[Items listed in a dataset]
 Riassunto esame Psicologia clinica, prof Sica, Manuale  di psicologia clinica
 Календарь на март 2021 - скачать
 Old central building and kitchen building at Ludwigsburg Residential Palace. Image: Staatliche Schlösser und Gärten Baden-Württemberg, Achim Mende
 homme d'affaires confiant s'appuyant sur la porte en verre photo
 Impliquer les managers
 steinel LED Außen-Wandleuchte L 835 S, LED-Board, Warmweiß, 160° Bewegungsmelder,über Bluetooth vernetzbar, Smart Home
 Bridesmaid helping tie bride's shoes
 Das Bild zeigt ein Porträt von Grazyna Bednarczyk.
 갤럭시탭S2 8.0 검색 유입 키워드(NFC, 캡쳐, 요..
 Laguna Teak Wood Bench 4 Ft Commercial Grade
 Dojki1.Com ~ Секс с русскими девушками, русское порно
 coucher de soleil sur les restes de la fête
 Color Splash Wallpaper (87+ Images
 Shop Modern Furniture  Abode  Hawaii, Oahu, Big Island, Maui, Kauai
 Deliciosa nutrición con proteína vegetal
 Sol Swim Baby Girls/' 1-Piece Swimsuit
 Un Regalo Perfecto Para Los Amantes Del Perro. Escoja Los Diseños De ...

▶ _TASK TO COMPLETE_: An exact copy of every line from the one containing "Das Bild zeigt" through the last line of the entries is required; please add nothing.

▶ _SOLVED EXERCISE_:
 Das Bild zeigt ein Porträt von Grazyna Bednarczyk.
 갤럭시탭S2 8.0 검색 유입 키워드(NFC, 캡쳐, 요..
 Laguna Teak Wood Bench 4 Ft Commercial Grade
 Dojki1.Com ~ Секс с русскими девушками, русское порно
 coucher de soleil sur les restes de la fête
 Color Splash Wallpaper (87+ Images
 Shop Modern Furniture  Abode  Hawaii, Oahu, Big Island, Maui, Kauai
 Deliciosa nutrición con proteína vegetal
 Sol Swim Baby Girls/' 1-Piece Swimsuit
 Un Regalo Perfecto Para Los Amantes Del Perro. Escoja Los Diseños De ...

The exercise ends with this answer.